Reported: 2003-05-04 17:42 UTC by Christian Krause
Modified: 2004-12-22 21:47 UTC
See Also:
GNOME target: ---
GNOME version: ---


Attachments
small hack to solve the issue (1.34 KB, patch)
2003-05-04 17:45 UTC, Christian Krause
none Details | Review
Attempt at afix (5.04 KB, patch)
2003-06-02 19:25 UTC, Owen Taylor
none Details | Review
New version of patch with a bug-fix (5.15 KB, patch)
2003-06-03 23:23 UTC, Owen Taylor
none Details | Review

Description Christian Krause 2003-05-04 17:42:35 UTC
While debugging a strange problem in galeon
(http://bugzilla.gnome.org/show_bug.cgi?id=51157) we have found a bug in glib:

In short: galeon takes nearly 100% CPU time when showing modal dialogs.

Galeon start the main event processing loop. This loop is part of
the glib library and monitors a set of so called "sources" for events. Most
sources are represented by one or more filedescriptors. The events are sent
by other threads or processes and will be handled by event handlers.

Waiting for events on filedescriptors is realized by calling poll() on the 
filedescriptor set. If data is available on one filedescriptor, the
corresponding event handler of the source holding this filedescriptor is
called. 

Some event handlers are reentrant and may be called recursively others not. 
This is stated by the flag G_SOURCE_CAN_RECURSE. 

The problem is, that it is possible (and occurs in galeon) that a second
recursive mainloop is started (e.g. via gtk_dialog_run) during the
execution of an event handler which is not reentrant. If more data is
available on the corresponding filedescriptor during execution of this
second recursive mainloop, the event handler cannot be started because it
has not set G_SOURCE_CAN_RECURSE. The filedescriptor is still in the
pollset. But this will have a very nasty effect: The next call to poll will
return immediately since the waiting data is still there. As poll is called
in a loop we now have a busy loop that ends when the second main loop
finishes (i.e. the dialog gets closed).

The fix for this is rather simple: Exclude all filedescriptors of monitored
sources that will result in executing an event handler that is currently in
execution state and may not be called recursively. The included patch for
glib-2.2.1 is not very efficient but works. We think that a more efficient
solution is possible by modifying some datastructures of glib. But this
part we leave to the glib programmers.


Christian & Ron
Comment 1 Christian Krause 2003-05-04 17:45:21 UTC
Created attachment 16254 [details] [review]
small hack to solve the issue
Comment 2 Owen Taylor 2003-06-02 19:25:32 UTC
Created attachment 17067 [details] [review]
Attempt at afix
Comment 3 Owen Taylor 2003-06-02 19:31:36 UTC
Could you test the patch I've attached; it takes a somewhat
different approach.
 
 - Your patch: for each file descriptor, search for it
   blocked sources before adding it to poll()
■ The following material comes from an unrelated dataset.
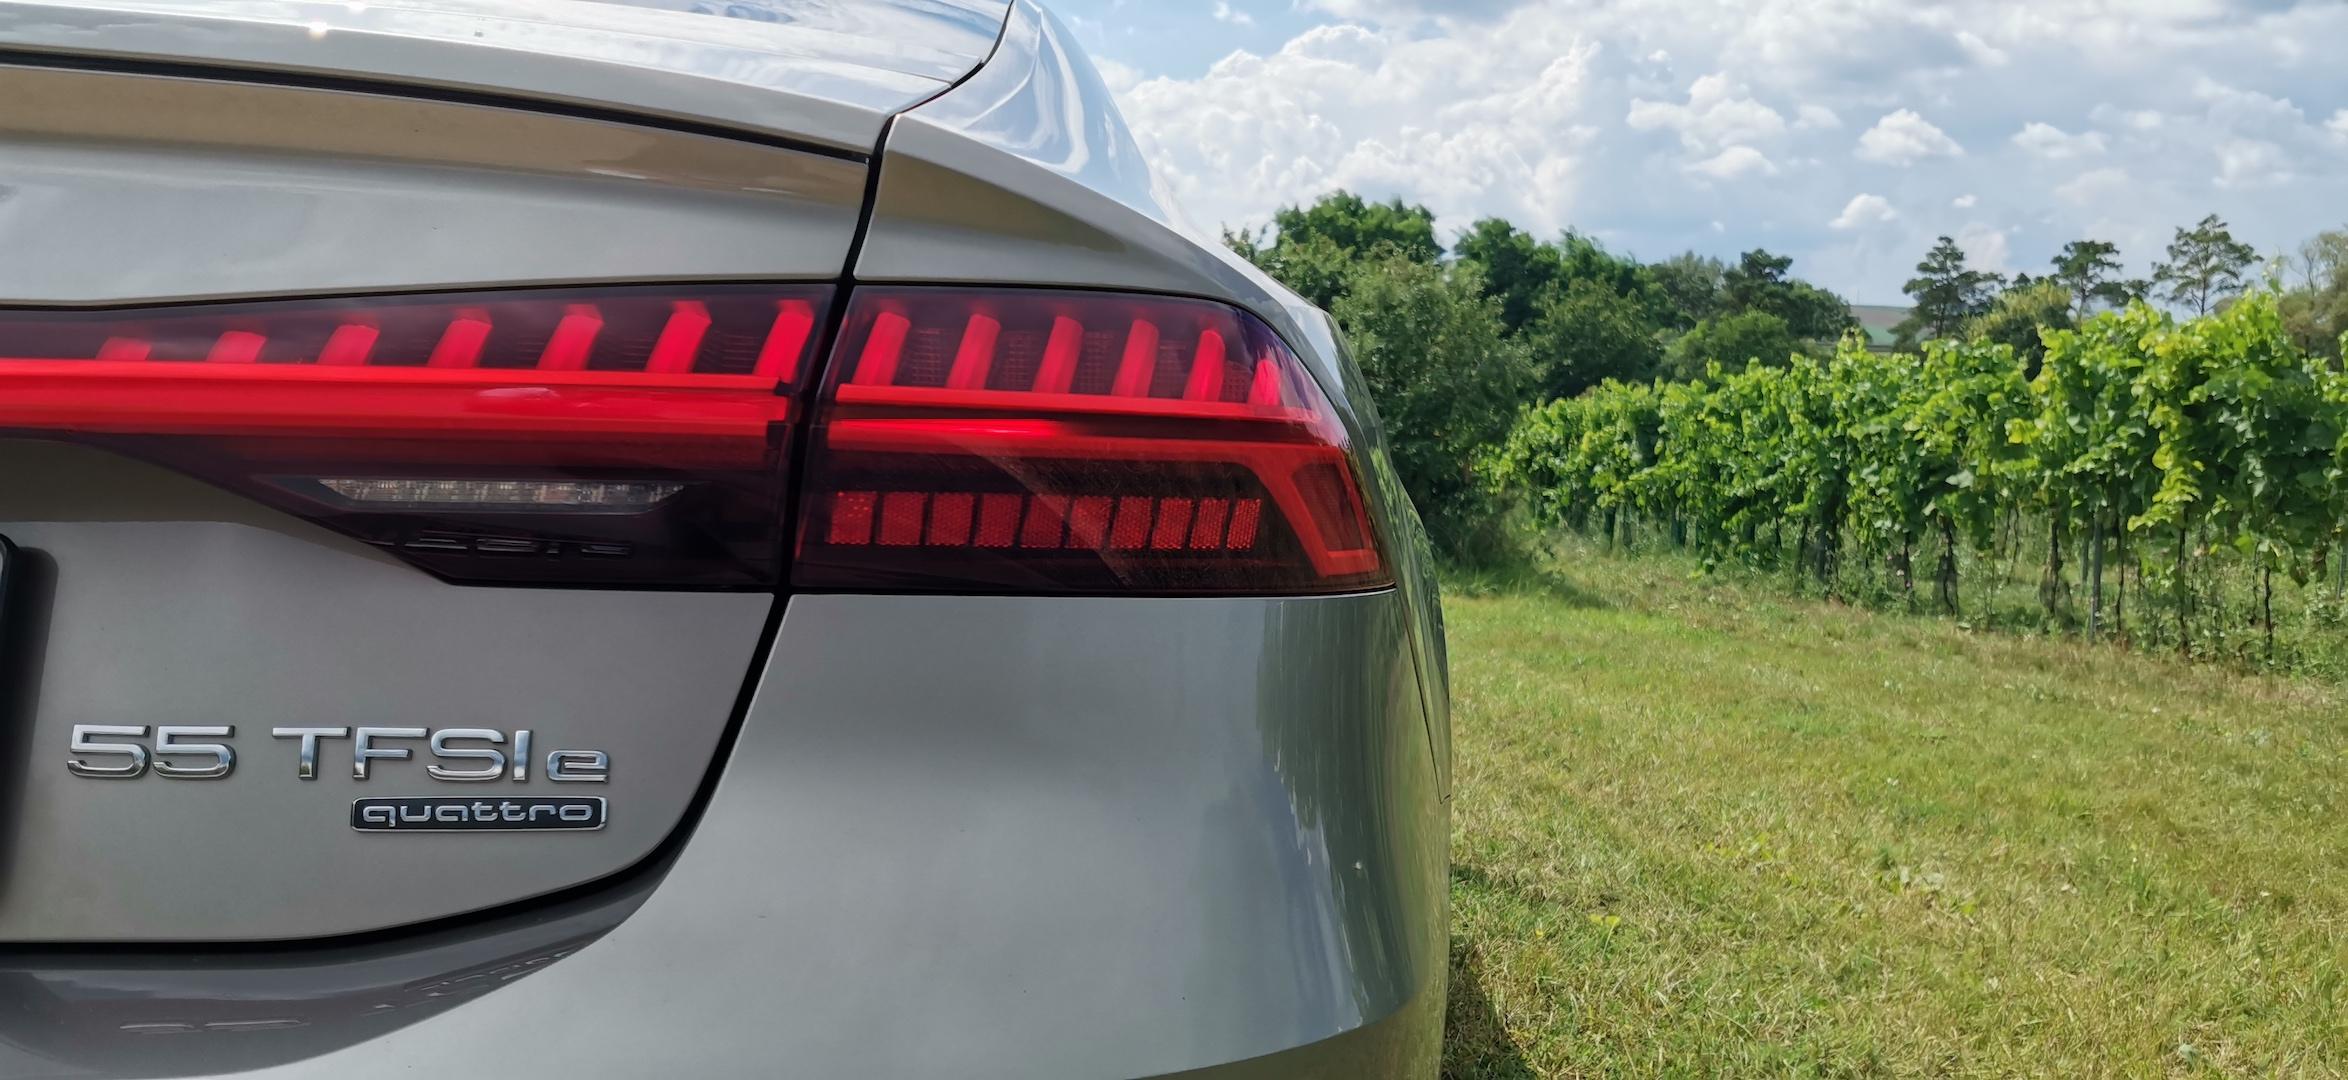 Audi A7 Sportback 55 TFSI e Quattro - označení motorizace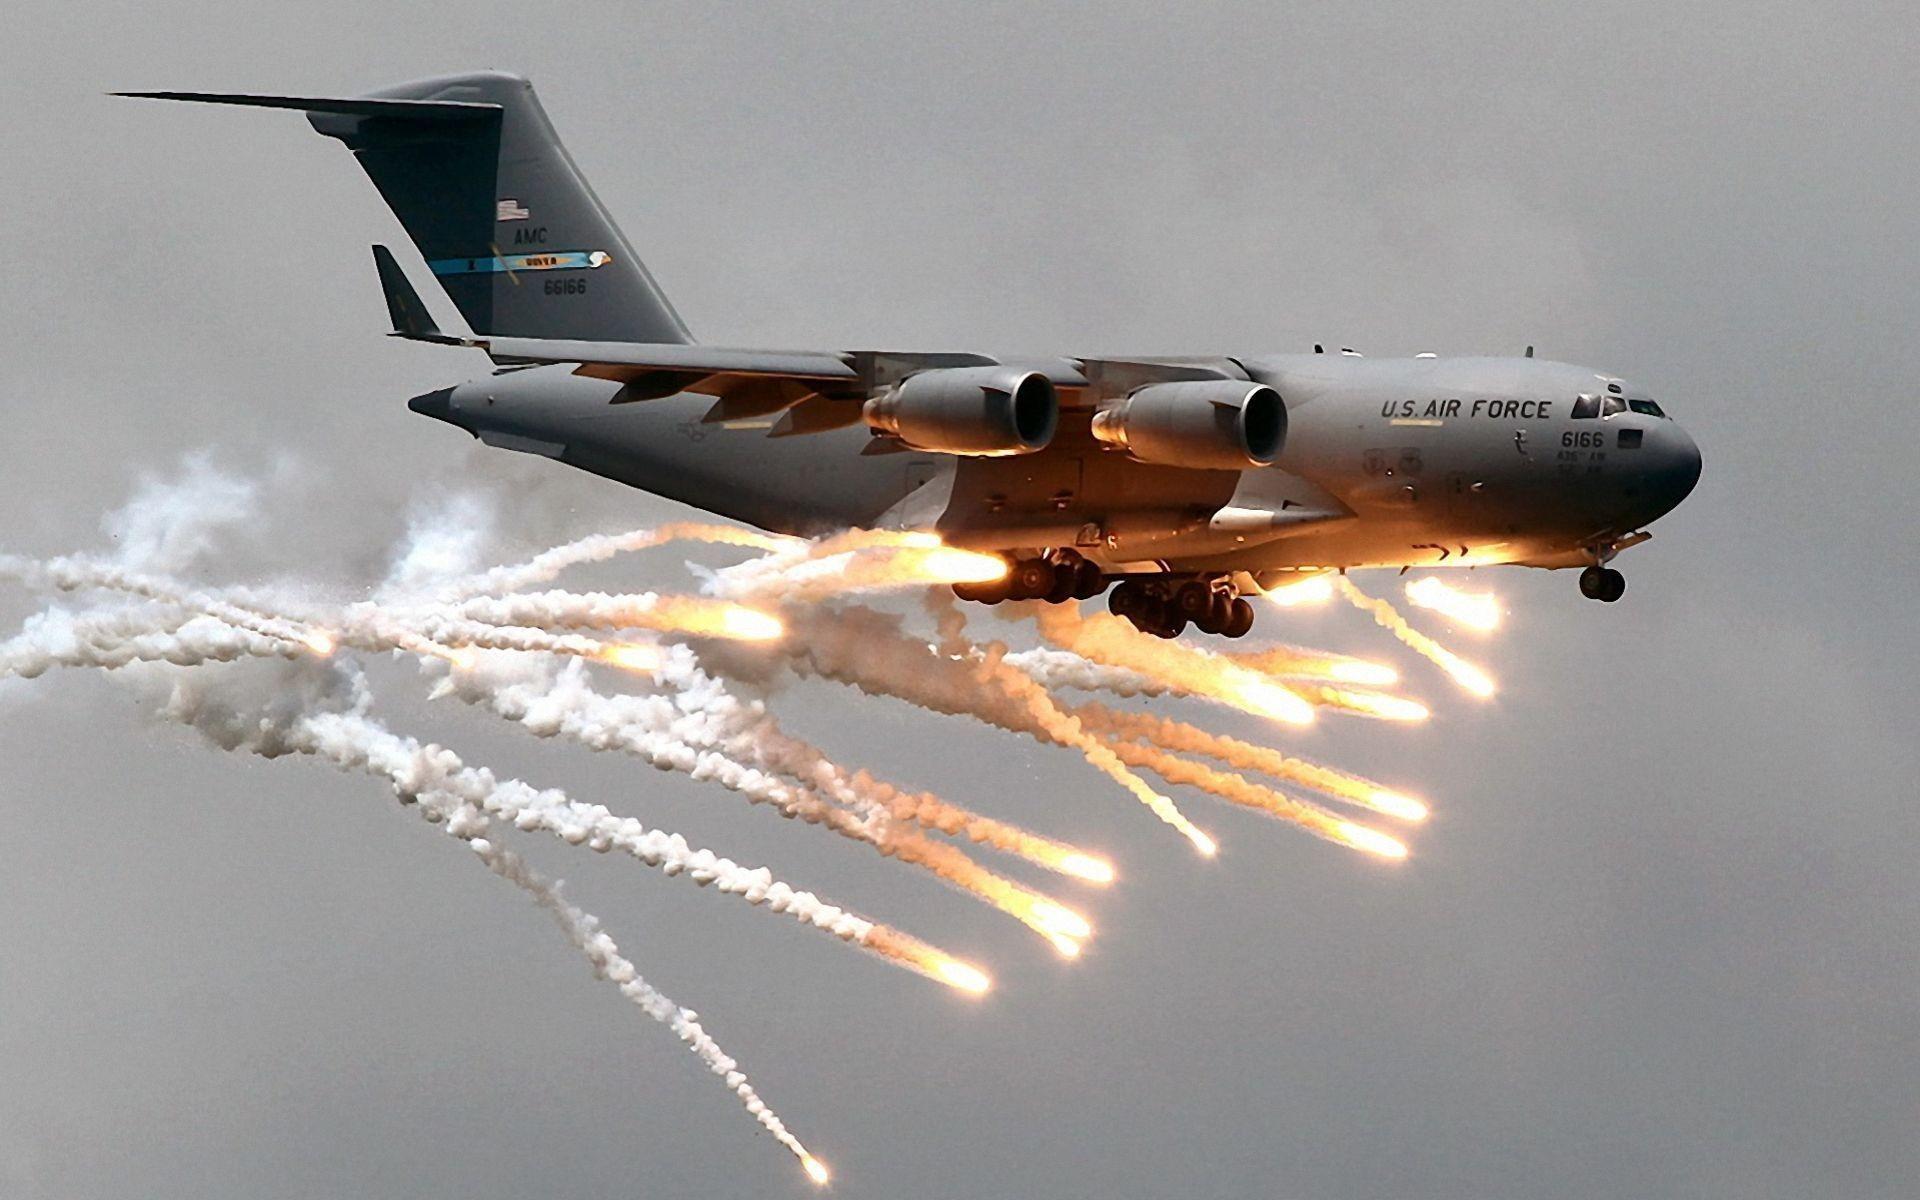 картинки американских военных самолетов они, когда

 - Your suggestion: keep a reverse mapping from file descriptor
   to source().

 - My patch: when blocking a source, remove it from the global
   file descriptor list; add it back afterwards.

Your suggestion would be more time efficient, but would require
some considerable more complexity in the list of poll descriptors,
since we can't add a field to GPollFD, so I think I like this
better.

(The patch also contains a fix for bug 114274 which I noticed
when writing the patch) 
Comment 4 Owen Taylor 2003-06-03 23:23:31 UTC
Created attachment 17116 [details] [review]
New version of patch with a bug-fix
Comment 5 Owen Taylor 2003-06-06 03:55:59 UTC
Thu Jun  5 23:40:31 2003  Owen Taylor  <otaylor@redhat.com>
 
        * glib/gmain.c: When dispatching a source that is
        !CAN_RECURSE, temporarily remove any file descriptors
        that that source has registered from the main loop, to keep
        recursive main loops from busy-waiting if input
        becomes available on one of those file descriptors.
        (#112222, Christian Krause)

[ and Ron who? ]
Comment 6 Christian Persch 2004-03-19 16:28:44 UTC
This bug is back (see Epiphany bug 137617).

It looks like the checkin from bug 50296 (gmain.c rev 1.101 -> 1.102)
effectively backed out the patch from this bug.
http://bugzilla.gnome.org/showattachment.cgi?attach_id=18402 from
50296 didn't revert this, the next patch
http://bugzilla.gnome.org/showattachment.cgi?attach_id=23330 does -- I
don't know if this was intentional or not.
Comment 7 Owen Taylor 2004-03-19 20:26:12 UTC
Thanks for catching it - completely not intentional

Fri Mar 19 15:21:09 2004  Owen Taylor  <otaylor@redhat.com>
                                                                     
          
        * glib/gmain.c: Fix the accidental revert of the
        fixes from #112222 that happened when the GChildWatch
        code was added. (Caught by Christian Persch)
Comment 8 Crispin Flowerday (not receiving bugmail) 2004-07-01 15:49:38 UTC
*** Bug 145225 has been marked as a duplicate of this bug. ***